Isabelle Poncet-Rimaud, Dialogues avec le jour
Que dit le jour lorsque Isabelle Poncet-Rimaud dialogue avec lui ?
Il parle d’herbes, d’arbres et d’humains faisant ensemble l’expérience du « silence fendu », où la vie emportée dans les « barques à transporter les morts » cherche son refuge.
Quoique né de l’expérience du confinement, ce recueil traverse les contingences. Le « temps fracassé » qu’il explore est universel. Il ne narre aucune histoire particulière, pourtant il est profondément intime. Le « moi » se fraye un chemin entre l’intérieur et l’extérieur – entre la vue depuis la fenêtre et la ville désertée -, dans un entre-deux qui déjoue les oppositions. Il est animé par le désir d’être et d’écrire.
Dialogues avec le jour ouvre un cheminement apaisé dans l’œuvre d’Isabelle Poncet-Rimaud. La voix qui habite les textes est souvent non humaine, car tout parle. « La nuit bégaie », « le ciel fait signe », l’arbre déploie « l’alphabet », le temps « couvre les pages de mots ». La poète questionne. La simplicité des images dissimule et dévoile en même temps la réponse. Le sens se tient caché dans le silence. Les mots sont choisis pour leur « imperceptible murmure ».
Il fut un temps, « mais c’était autrefois », où, dans le miroir des mots, Isabelle Poncet-Rimaud regardait un être qui disait être elle. Un locuteur la tutoyait et les textes se faisaient l’écho de ses injonctions. Ainsi, les poèmes du précédent recueil, Entre les cils, étaient ceux du “chant empêché”. La poète s’emparait des “mots cannibales” et des “mots cassés” pour écrire la rupture du deuil, de la douleur et de l’attente. Le chant noir se faisait plainte et supplique. Le sens se tenait en suspens au-dessus du chagrin.
A faire l’expérience des Dialogues avec le jour, Isabelle Poncet-Rimaud s’arrime à l’instant qui s’en va. Horizontalité d’une naissance. Écoutant l’arbre, elle naît arbre. Ou bien « poussière du rien », ou « encre effacée » du ciel. Ce qui s’efface devient le lieu de la résistance et ce qui bégaie témoigne d’un désir irréductible d’exister.
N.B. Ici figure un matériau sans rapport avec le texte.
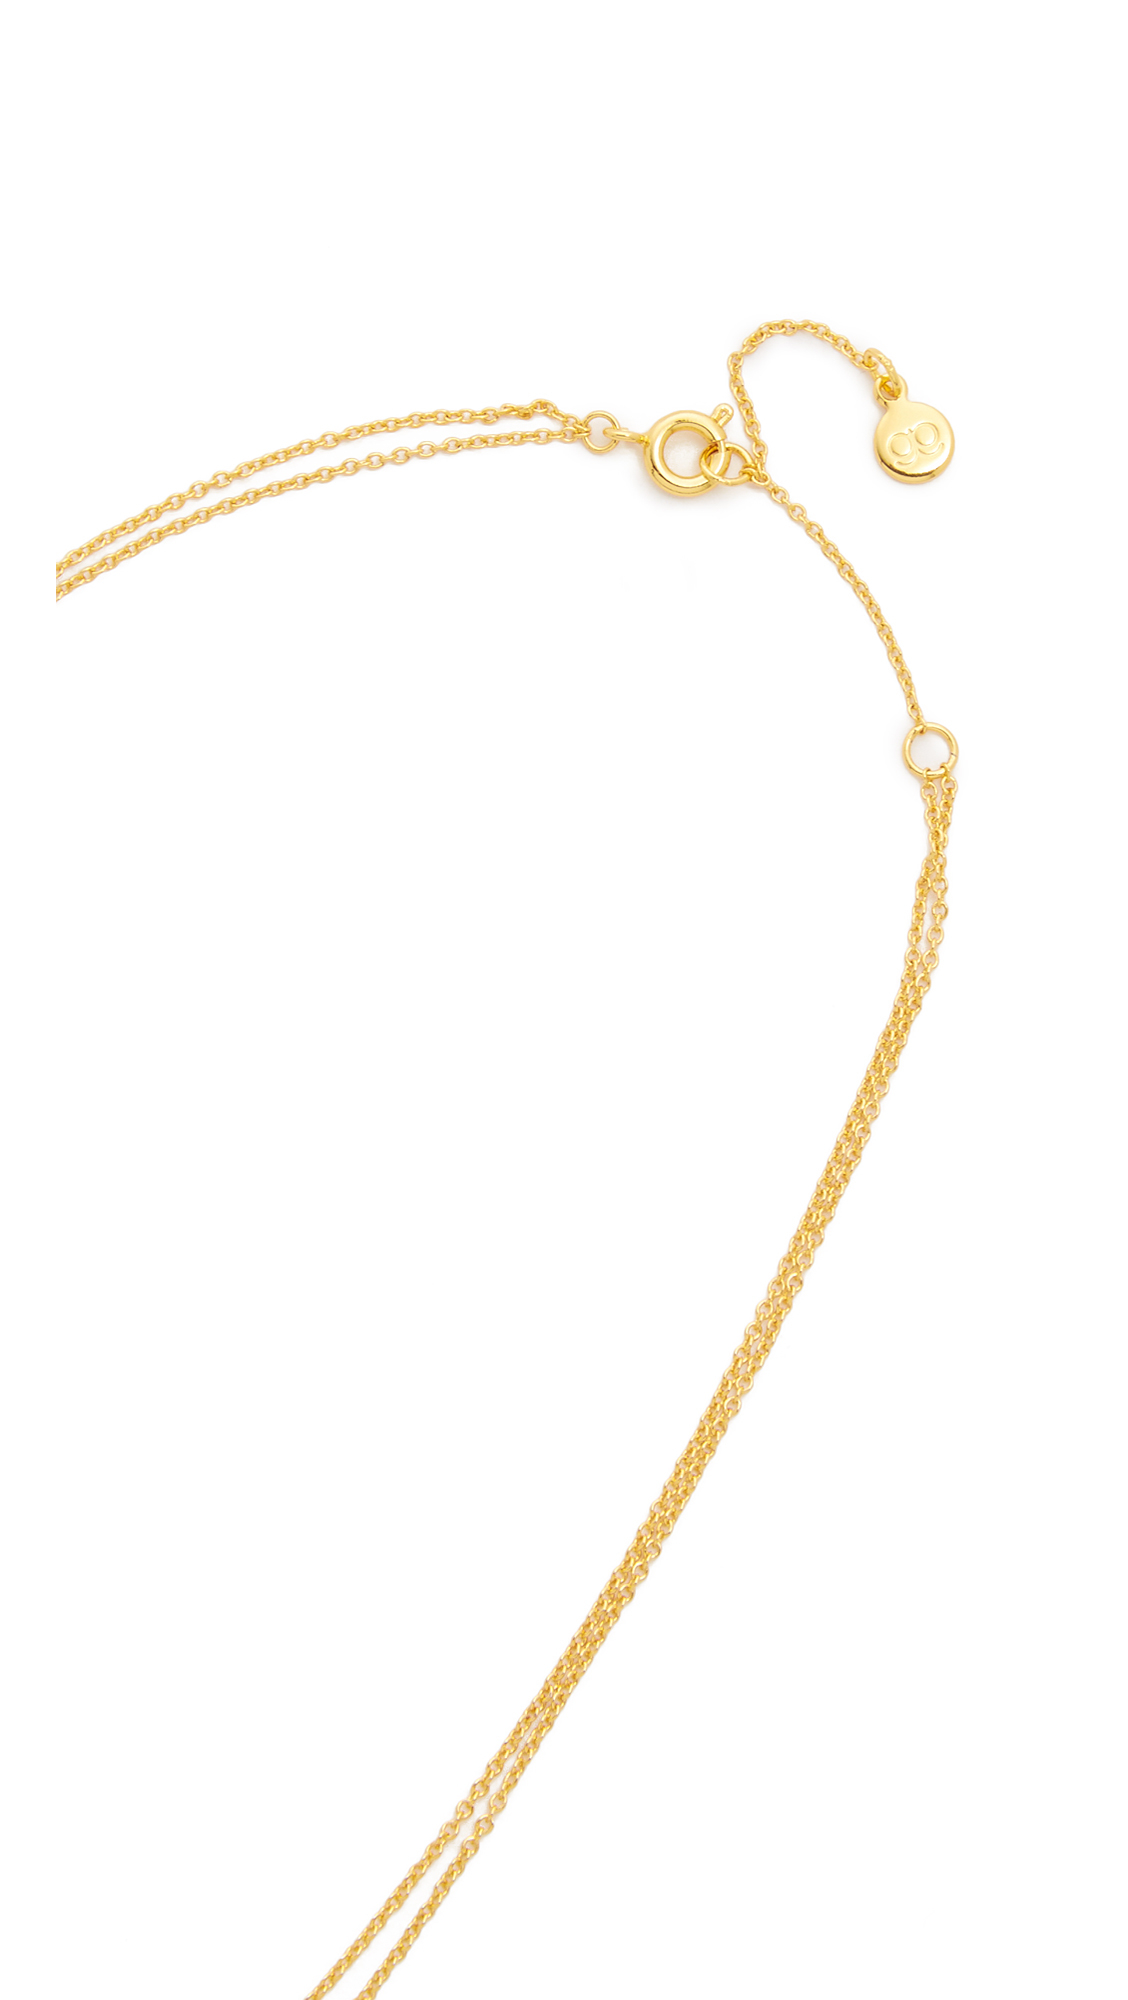 Gorjana Chloe Mini Layer Necklace in Gold (Metallic)

Dans ce processus , le jour végétal ou céleste pérégrine en elle pour la faire advenir.
La voix de la poète s’incarne. Dans un ressac de « vague amoureuse », elle affirme l’existence de l’être : « j’écoute », « j’entends », « je sens », « je respire », « je croque », « je reçois », « je suis ». Lorsqu’elle ajoute, « mon cœur », « mon esprit », « ma tête » et « mes solitudes apaisées », le sens exprime, fervent, « la faveur d’exister ».